The determination of minimum inhibitory concentrations (MICs) of the EOs against the tested fungi was performed using the broth microdilution method, following the guidelines of the Clinical and Laboratory Standards Institute (CLSI). Serial dilutions of the EOs (ranging from 0.012 to 64 μl/mL) were prepared in 96-well microtiter plates using RPMI-1640 media (Sigma, St. Louis, USA). The inoculum yeast suspensions were adjusted to a turbidity equivalent to a 0.5 McFarland standard (approximately 1–5 × 106 cells/mL) using a spectrophotometer at a wavelength (λ) of 600 nm. For molds, conidia were collected, and their suspensions were adjusted to a turbidity equivalent to a 0.5 McFarland standard (approximately 1–5 × 106 conidia/mL) using a spectrophotometer at a specific wavelength (λ) of 530 nm. Working suspensions of the studied yeast and mold fungi were prepared in 1/1000 and 1/50 dilutions with RPMI, respectively. After adding 0.1 mL of the prepared inoculum to each well, the plates were incubated at 32°C for 24–48 hours and at 25°C for 48–72 hours for yeast and molds, respectively. The wells of the first column were considered as negative control, and there were also growth controls containing medium without EO. The MIC was defined as the lowest concentration of EOs that showed visible growth reduction. Additionally, for the determination of the minimum fungicidal concentration (MFC), 10 µL of the media from the wells showing no visible growth was cultured on SDA for fungi. The MFCs were defined as the lowest concentration of EOs showing no growth or fewer than 4 colonies. Each experiment was conducted in triplicate [2023].
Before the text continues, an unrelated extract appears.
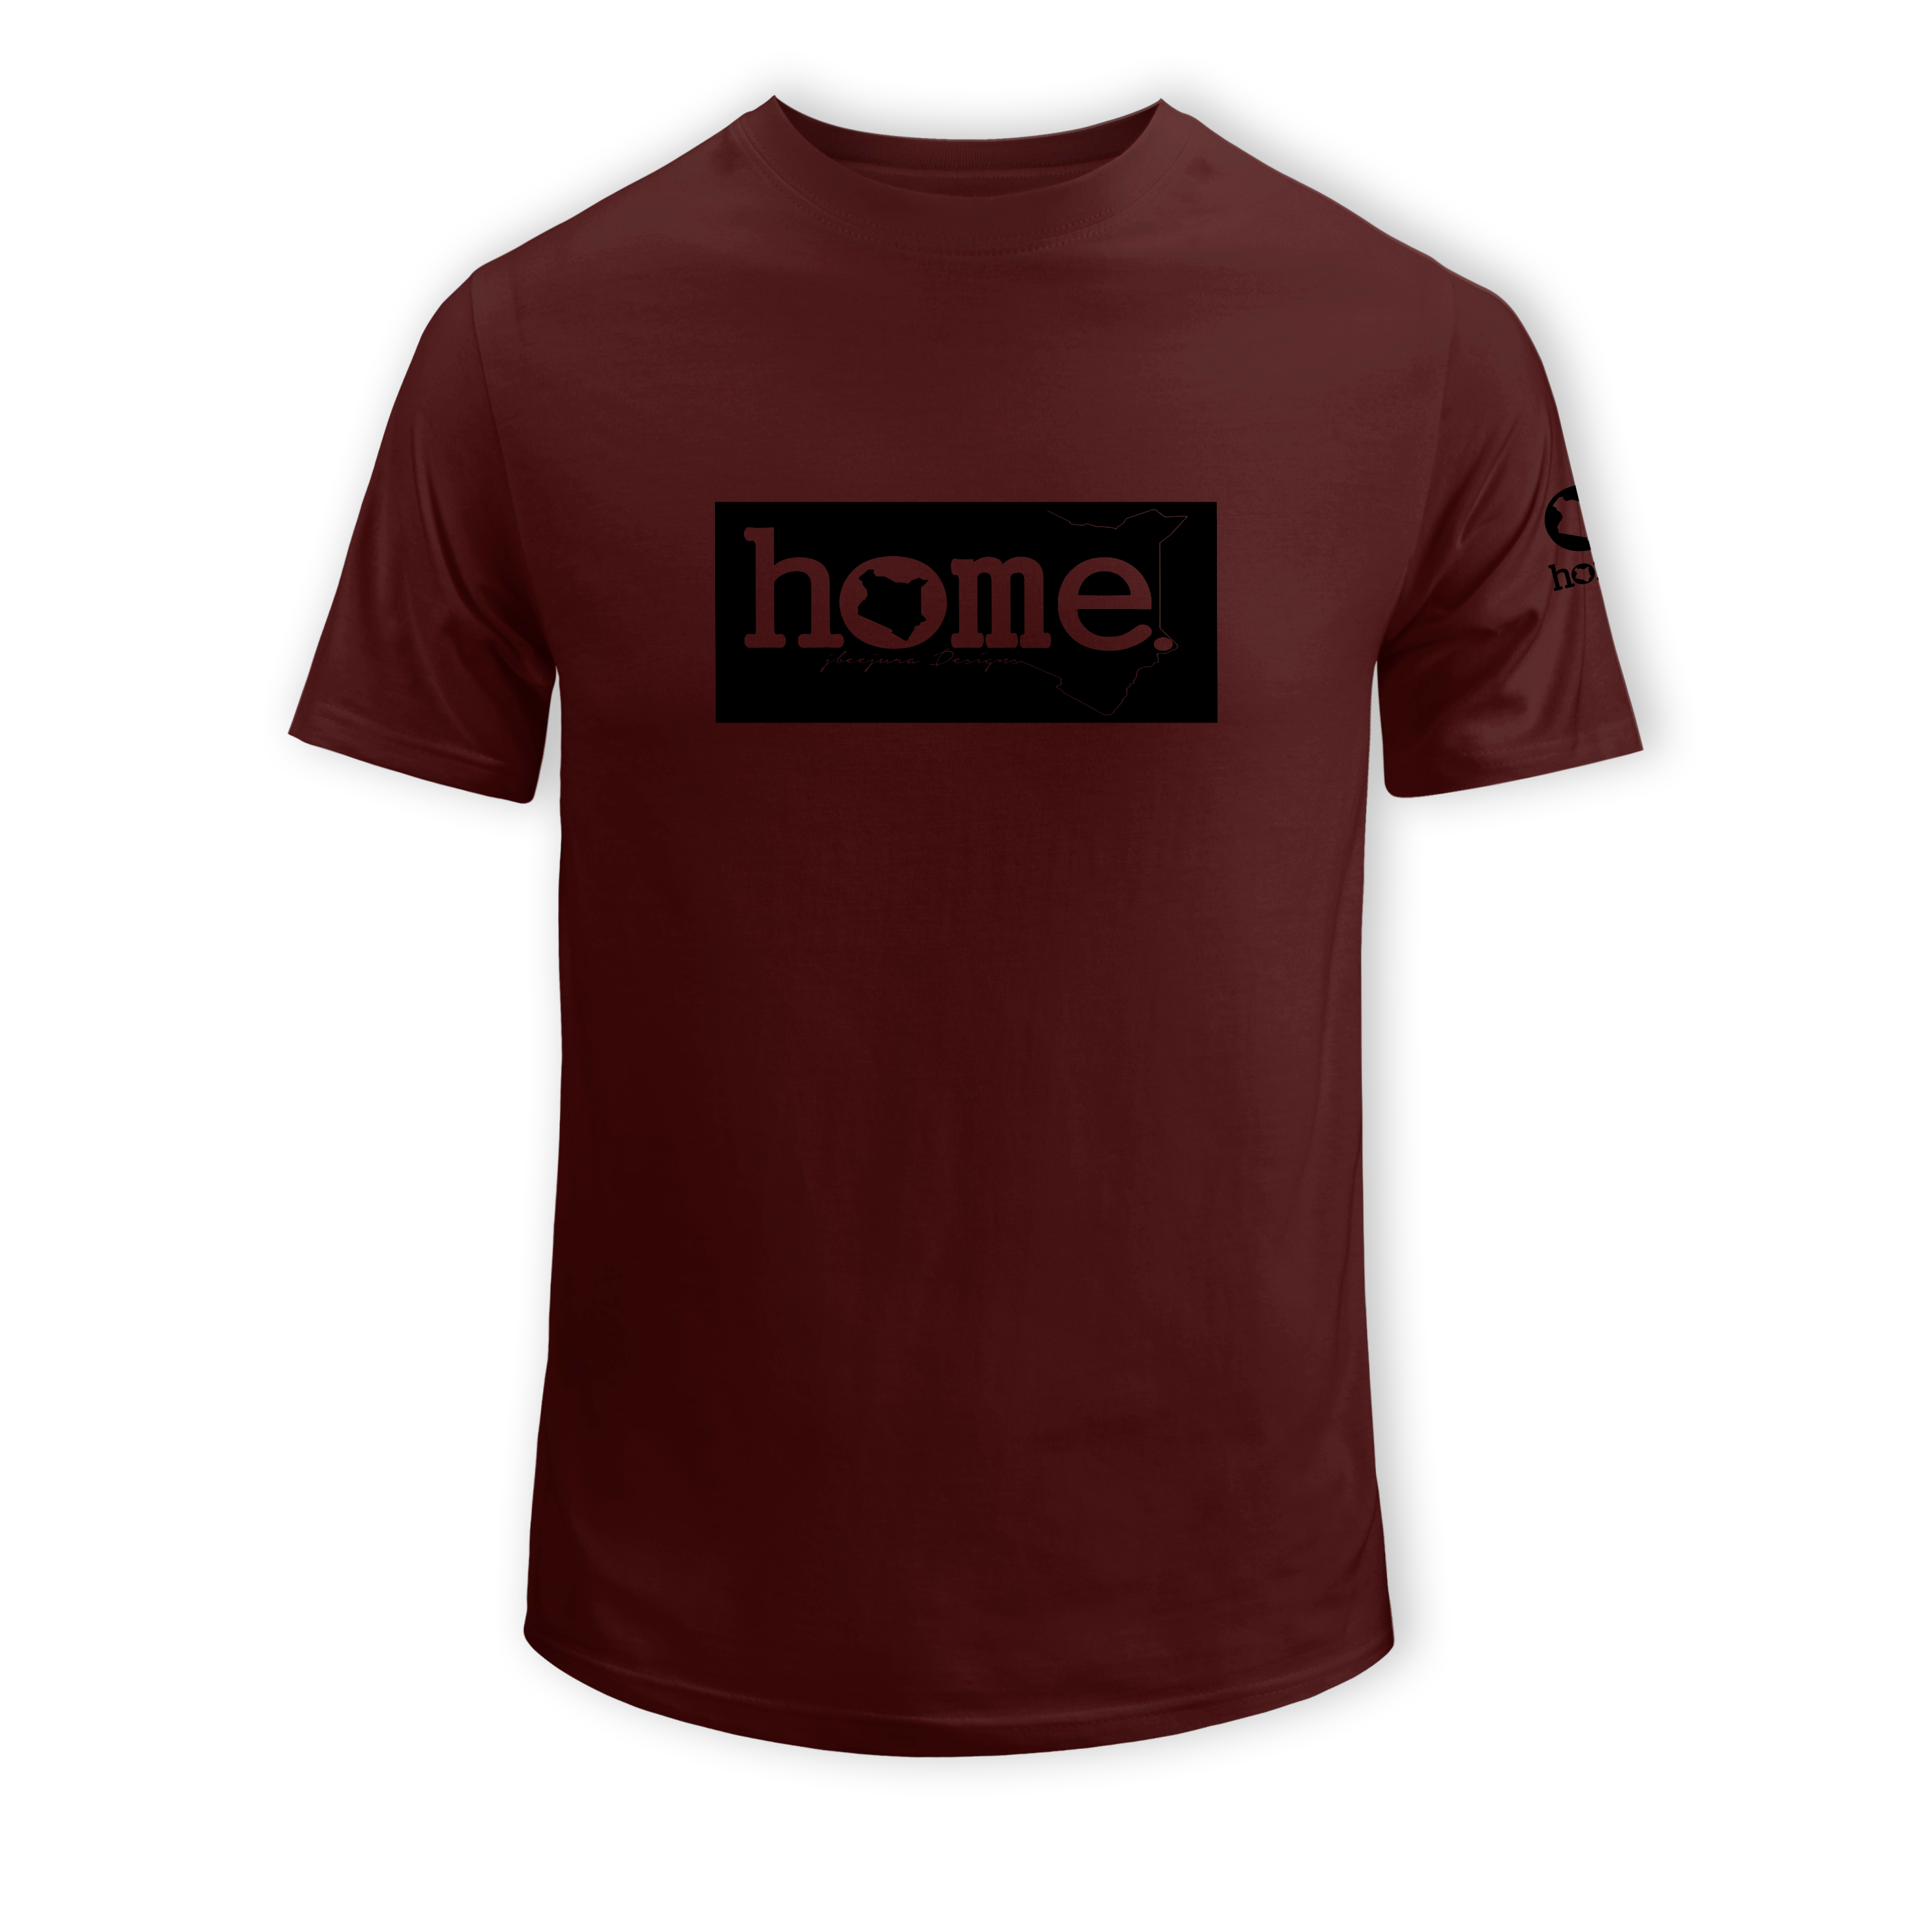 home_254 SHORT-SLEEVED MAROON T-SHIRT WITH A BLACK CLASSIC PRINT – COTTON PLUS FABRIC

2.4. Determination of the Biofilm Inhibitory Activity
2.4.1. Biofilm Preparation and Growth

To form biofilms, standard strains of C. albicans (CBS 5982) were cultured on SDA plates. After 48 hours, one loop of C. albicans colonies was transferred to Sabouraud dextrose broth (SDB, Merck, Germany) and incubated for 24 hours at 32°C on a shaker set at 100 rpm. Yeast cells were then harvested twice with sterile phosphate-buffered saline (PBS) and resuspended in RPMI 1640. The cell concentration was measured spectrophotometrically, resulting in a concentration of 1 × 106 cells/mL at a wavelength (λ) of 600 nm. Serial dilutions of EOs (ranging from 0.012 to 64 μL/mL) were prepared in 96-well microtiter plates using RPMI 1640 medium. After adding 0.1 mL of yeast, the plates were incubated at 30°C for 48 hours. Additionally, 200 μL of culture medium alone was used as a negative control, and RPMI with yeast without EOs served as a positive control [24].

2.4.2. Assessment of Biofilm Formation

Biofilm formation was assessed using the 2,3-bis(2-methoxy-4-nitro-5-sulfophenyl)-2H-tetrazolium-5-carboxanilide (XTT) reduction method. After 48 hours of incubation, the biofilms were washed twice with sterile PBS to remove nonadherent cells. Subsequently, 100 μL of XTT menadione solution (Sigma Chemical Co., St. Louis, USA) was added to each well. The 96-well microtiter plates were then incubated at 32°C for 4 hours in a dark environment. Finally, colorimetric changes were measured using a microplate reader.

2.5. Statistical Analysis

Results were reported as means ± standard deviation. All assays were performed considering three analytical replications and the graphs were plotted using GraphPad Prism 6 software (GraphPad Software, Inc., San Diego, CA, USA).

3. Results and Discussion

3.1. EOs Content

EOs chemical compositions of aerial parts of Vitex pseudo-negundo (leaf, flower, and fruit) are shown in Table 1. In the present study, 50, 55, and 56 compounds were identified in leaf, flower, and fruit, comprising 98.84%, 98.82%, and 97.74% of the total composition of the EOs, respectively.

The major identified constituents of the leaf presented in this study were α-pinene (39.3%) followed by α-terpinyl acetate (17.5%), limonene (13.8), and (E)-caryophyllene (7.2%) which represented approximately 78% (by GC peak area) of the total composition. The leaf oil composition presented in this study differed from the previous study reporting 1,8-cineole (30∼50%) [25, 26] and 2,6,6-trimethylbicyclo [3.1.1] hept-2-ene (18.5%) [27] as the main compounds of mentioned EO. Results on the EO composition of the leaf are in agreement with Salehpour et al. [1] and Mohammadi et al. [20] demonstrating α-pinene as a major compound in the fresh leaf of Vitex pseudo-negundo.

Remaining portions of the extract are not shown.